In the past weeks I have been asked several times what my recent paper on logistical social networks means for practice. I have asked the same question myself: what would I as a researcher advise myself as a consultant? In the next blogs I would like to focus on some projects I have worked on and how my research changed my perspective on these projects. First is Material Management (MM).
I have worked on MM in several hospitals over the past years, but mostly in Maastricht University Medical Centre (MUMC+). MUMC+ transformed its complete Operating Theatre Complex (OTC) over the past years into a very modern, innovative and spacious OTC (click here to see more of that). In the new OTC the material storage was centralized and located further away from the operating rooms (OR). Material logistical tasks are now executed by logistical staff, and not, like before, by OR nurses and nurse anesthetists. In order to support material management processes an IT system was designed, developed and implemented. A couple of research findings changed my perspective on this type of projects in which logistics, IT and building are all changed at the same time.
RESEARCH FINDING 1: hospital logistics is simply there, and to a large extent it is controlled by ‘voluntary workers’, whose primary task is not logistics. Traditionally the surgeon detemines the strategy (treatment) and OR nurses and nurse anesthetists arrange the materials for the surgery procedure, sometimes assisted by some logistical workers.
When the MM project started in 2014 we did not realise what this notion meant. We were then mainly talking about the building and the IT. A building design is stronger than whatever vision or management strategy. If it is designed, it’s more or less fixed in concrete. We were discussing planning deadlines, the enormous effort and cost, building and IT system design. Both the building and IT involved a lot of professionals: architects, IT engineers and project managers. We did talk to health care professionals, but not fully recognize their ‘voluntary’ logistics qualities and knowledge. By ‘voluntary’ I mean that logistics organization was not their primary task, but in practice they arranged it all. We did not really fully see or understand what important knowledge all these nurses and nurse anesthetists have (and neither did they themselves for that matter!). Most logistical working processes were undocumented at the time, which is very inconvenient for designing a building or IT system, which should both support these processes. Over time, as the project developed, we used several tools to make this knowledge explicit. And now we understand in what way material management processes can be improved further much better. How? See my next point.

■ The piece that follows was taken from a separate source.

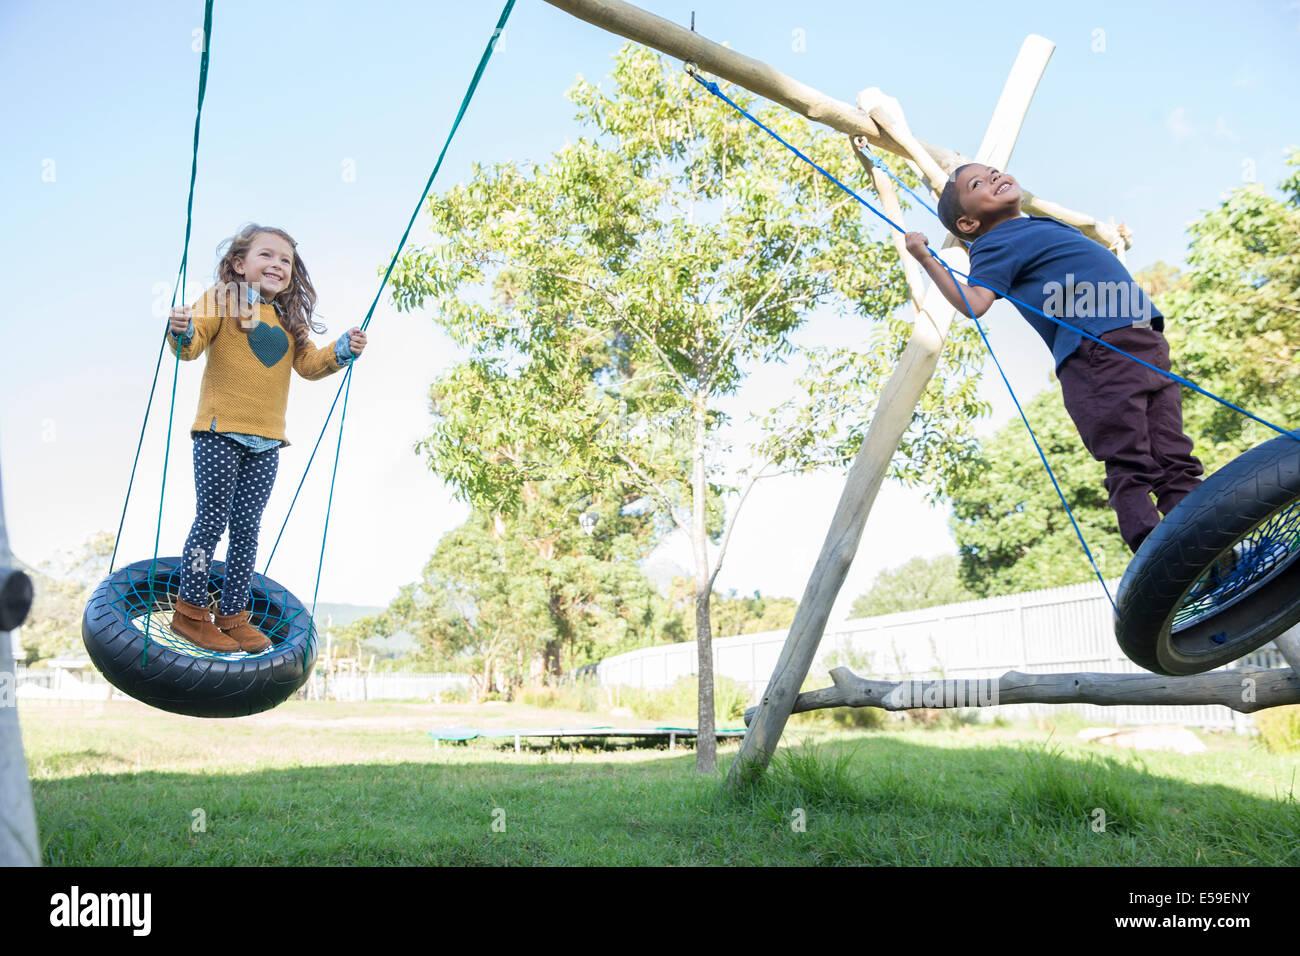 Niños jugando en columpios de neumático Foto de stock

RESEARCH FINDING 2: hospital logistics is organized in networks in which central agents play an important role in integrating tasks that are executed within the hospital’s subsystems. These ‘integrators’ are mainly nurses, medical secretaries and a few coordinators. They are in direct contact with both patients and physicians, and therefore they know what are relevant factors for organizing healthcare.
Second, through my research I started to think in terms of networks. When we started the project in 2014 we made a logistics concept with a small group of people. This was easy to coordinate and we quickly achieved results. But in the six years that followed, the network became very large – the Facility department, the Purchasing, IT and Finance department became involved – and the network became hard to oversee. If I needed data or wanted to achieve something, merely talking to the project leader or any manager, did not seem to lead to results. Data, information or clues on how to implement MM effectively, had to come from central people in the network. As soon as the social network in Slingeland Hospital became clear to me during my research, I realised that the people with the best information position are not the managers. They are the nurses, in this case the OR assistants, the nurse anesthetists, a handful of people who volunteered to act as coordinator. Later, also the logistical staff who the logistical tasks were outsourced to, conquered a central position in the network, and they too became important players in the network. For data collection but also for change management, these are the people to contact. For (project) managers or consultants this requires a different mindset, because it can be challenging to find the central agents and this kind of change management is easily be planned in time. But I now believe this is, in the end, the most effective way for change.
RESEARCH FINDING 3: 0.4% of the communication is about materials (the rest about patients, beds and staff).
There is little interaction about material management and this is because there is stock. Stock ensures that you do not have to coordinate about a particular surgery or situation, because you simply take something from the stack. By relocating the stock away from the operating rooms the communication needs and the network changed dramatically, more than we expected in advance. So, beside the technical aspects of this large transformation, the main key to succes is to change communication patterns.
RESEARCH FINDING 4: the hospital network may be vulnerable, with few coordinators and a lot of ‘voluntary’ logistical workers.
In the paper we state that the way hospital logistics is organized, may be vulnerable and expensive. There is a thin line between “complex” and “chaotic”. Now the MUMC has a team of professional logistical workers and the implicit knowledge of nurses has to be transformed into standardized and unambigious data so they are able to execute their tasks effectively. MUMC+ has standardized Bills-of-Materials, material names and codes in order to speak the same language, which is incredibly important for collaboration. The Material Management system thus lays the foundation for more structured and streamlined collaboration. But the social connections and interaction will remain indispensable.